Along the lower reaches of Rio Bacuache, and in some of the deeper gorges of Sierra Seri and Sierra Kunkaak, grow a few veritable trees of moderately straight trunk and grain and solid wood, such as the guaiacan (Guaiacum coulteri) and sanjuanito (Jacquinia pungens); both of these fruit, the former in a wahoo-like berry of medicinal properties, and the latter in a nut, edible when not quite ripe and forming a favorite rattle-bead when dry. On the flanks of such gorges the slender-branched baraprieta (Cæsalpinia gracilis) grows up in the shelter of more vigorous shrubs, its branches yielding basketry material, while its fruit is a woody bean much like that of the cat-claw. In like stations there are occasional clumps of yerba mala or yerba de flecha (Sebastiana bilocularis), an exceptionally leafy bush growing in straight stems suitable for arrowshafts, and alleged to be poisonous from root to leaf—with inherent probability, since the plant is without the thorny armature normal to the desert. Along the sand-washes, especially about their lower extremities wet only in floods, springs a subannual plant (Hymenoclea monogyra) which shrinks to stunted tussocks after a year or more of drought, but flourishes in close-set fens after floods; though of acrid flavor and sage-like odor, it is eaten by herbivores in time of need, and it yields abundant seeds, consumed by birds, small animals, and men. About all of the permanent waters not invaded by white men and the white man’s stock there are brakes of cane or carrizal (Phragmites communis?); the jointed stems are half an inch to an inch in thickness and 8 to 25 feet in height; the seeds are edible, while the stems form the material for balsas and afford shafts for arrows, harpoons, fire-sticks, etc., and the silica-coated joints may be used for incising tough tissues.

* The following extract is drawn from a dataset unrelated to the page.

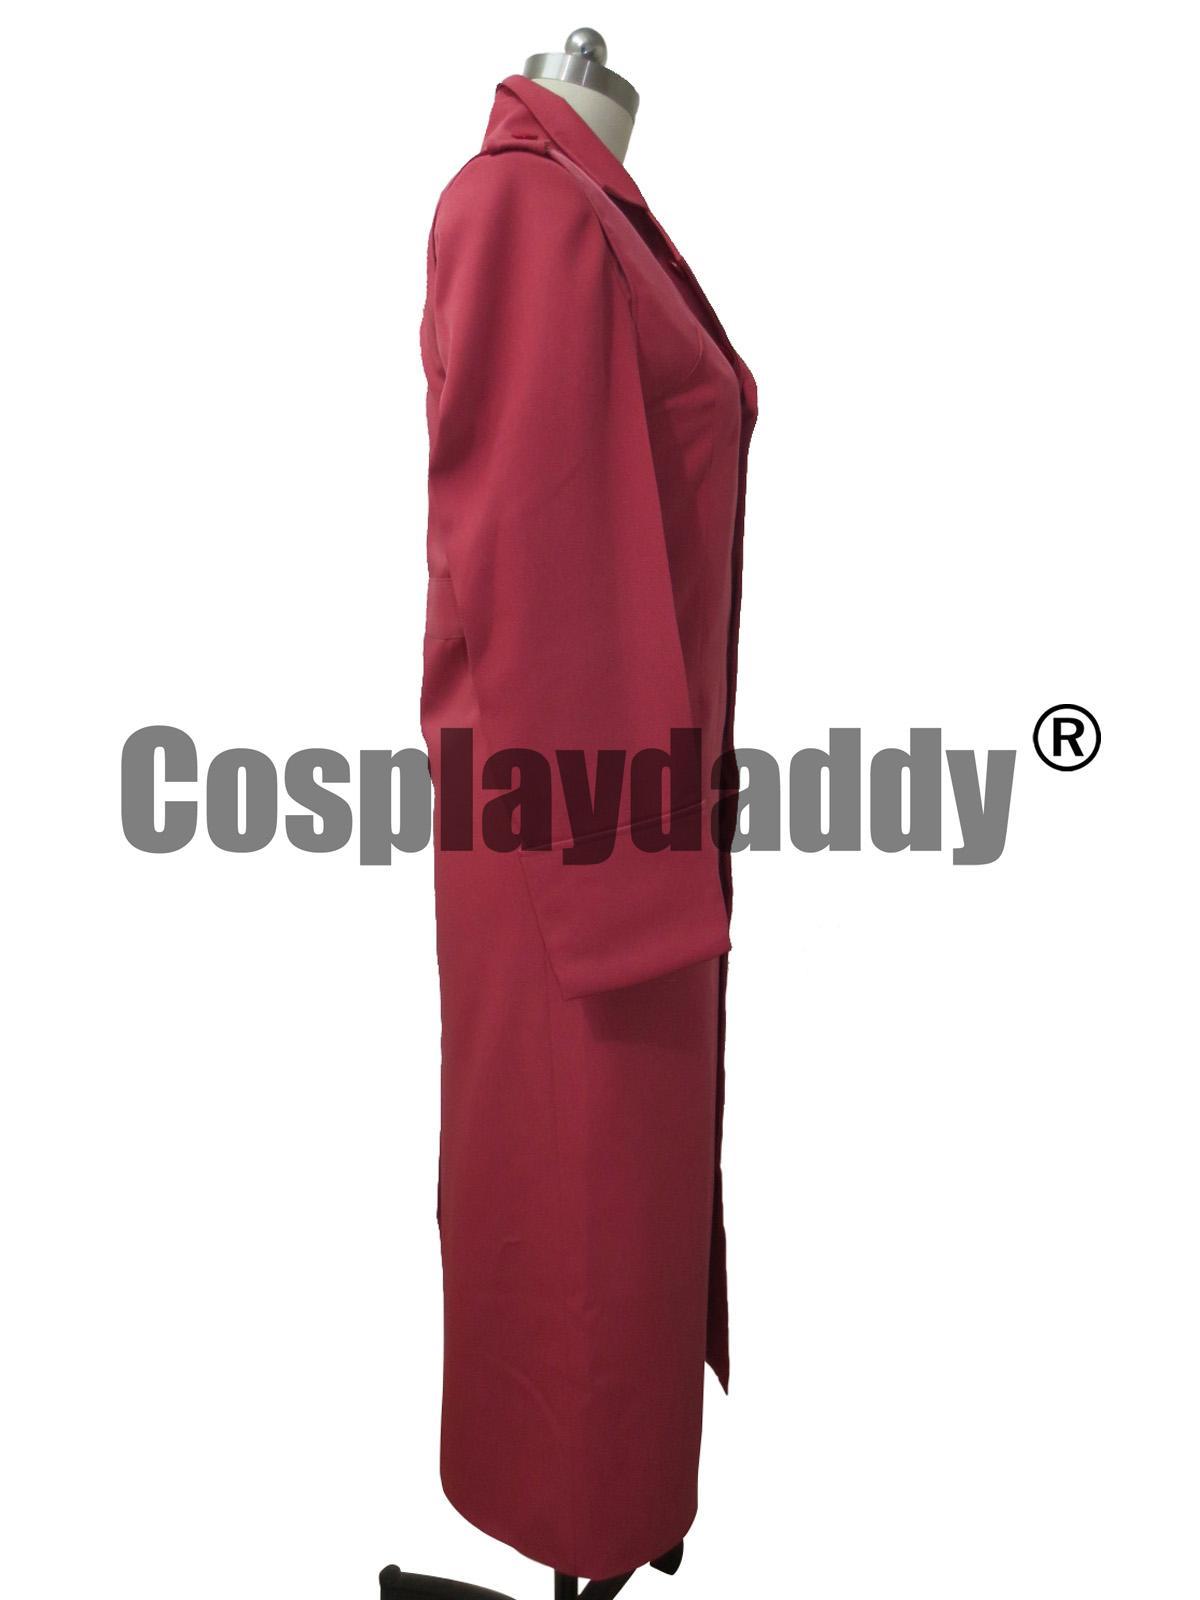 Costume cosplay lungo cappotto Foxhound lungo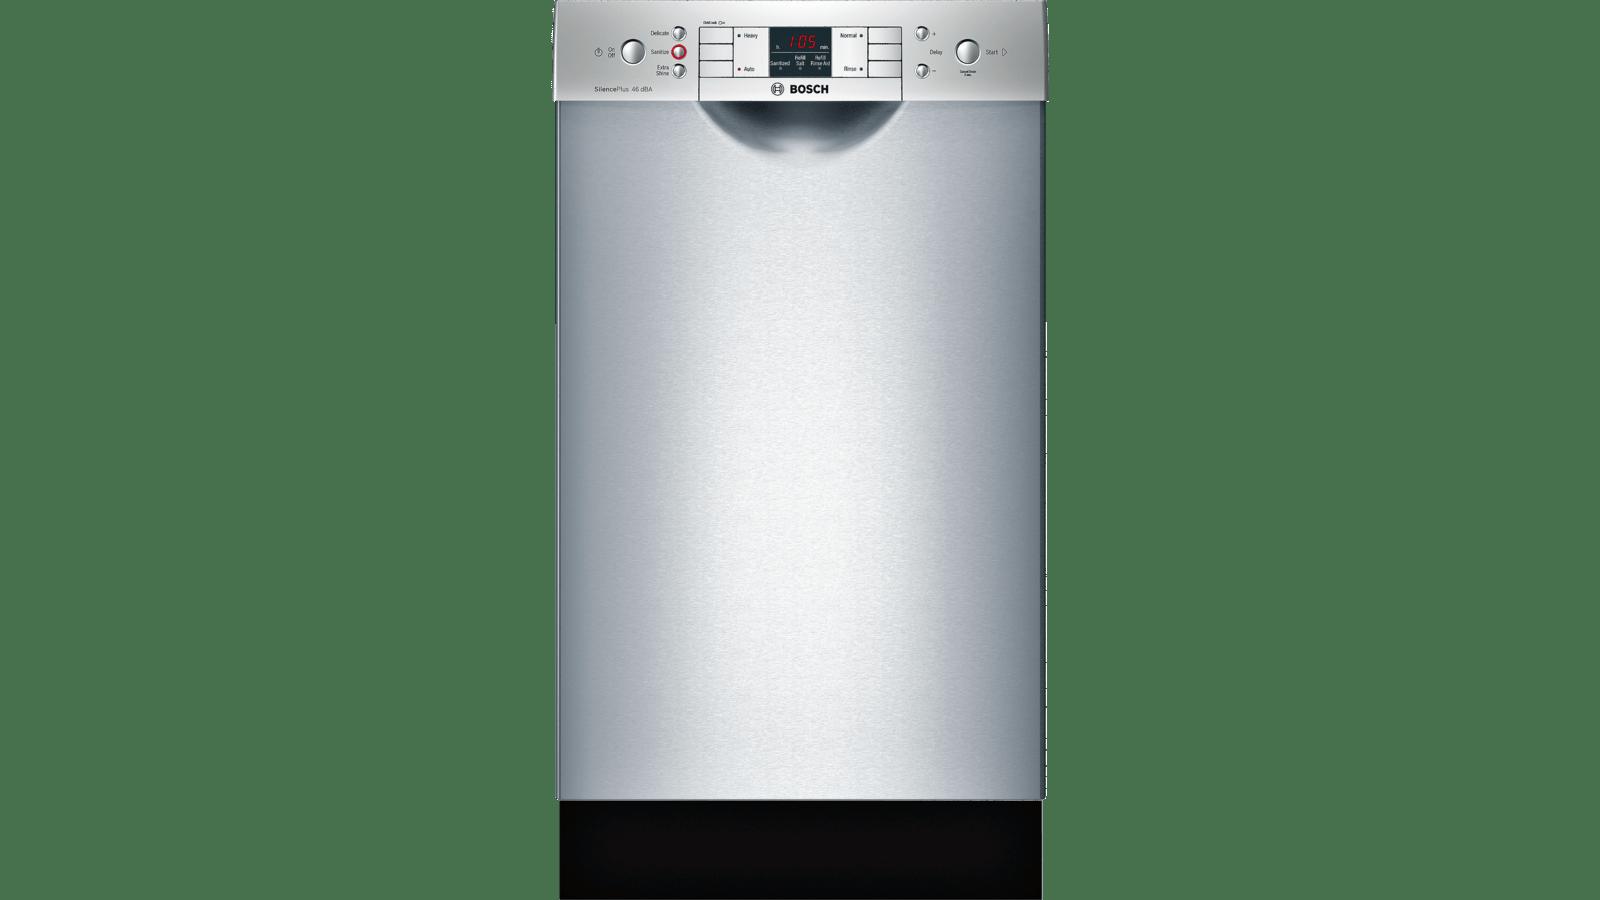 300 Series Dishwasher 17 3 4 Stainless Steel Spe53u55uc

The coasts of Seriland, both insular and mainland, are skirted by zones of exceptionally luxuriant shrubbery, maintained chiefly by fog moisture. Along the mountainous parts of the coast the zone is narrow and indefinite, but on the plains portions it extends inland for several miles with gradually fading characters; this is especially true in the southern portion of Desierto Encinas, where the fog effects may be observed in the vegetation 12 or 15 miles from the coast. Most of the fog fed species are identical with those of the interior, though the shrubs are more luxuriant and are otherwise distinctive in habit. On the Tiburon side of gale-swept El Infiernillo, and to some extent along other parts of the coast, some of these shrubs (notably Maytenus phyllanthroides) grow in dense hedge-like or mat-like masses, often yards in extent and permanently modeled by the wind in graceful dune-like shapes. Somewhat farther inland the flatter coastwise zones of Tiburon are rather thickly studded with shrubby clumps from 6 inches to 2 feet high, made up of Frankenia palmeri with half a dozen minor communals; while still farther inland follows the prevailing Sonoran flora of mesquite, scrubby paloverde, and chaparral (Celtis pallida), etc., only a little more luxuriant than the normal.

Throughout Seriland proper, and especially in the interior valleys of Tiburon, grasses are more prevalent than in other portions of the Sonoran province, their abundance doubtless being due to the rarity of graminivorous animals during recent centuries.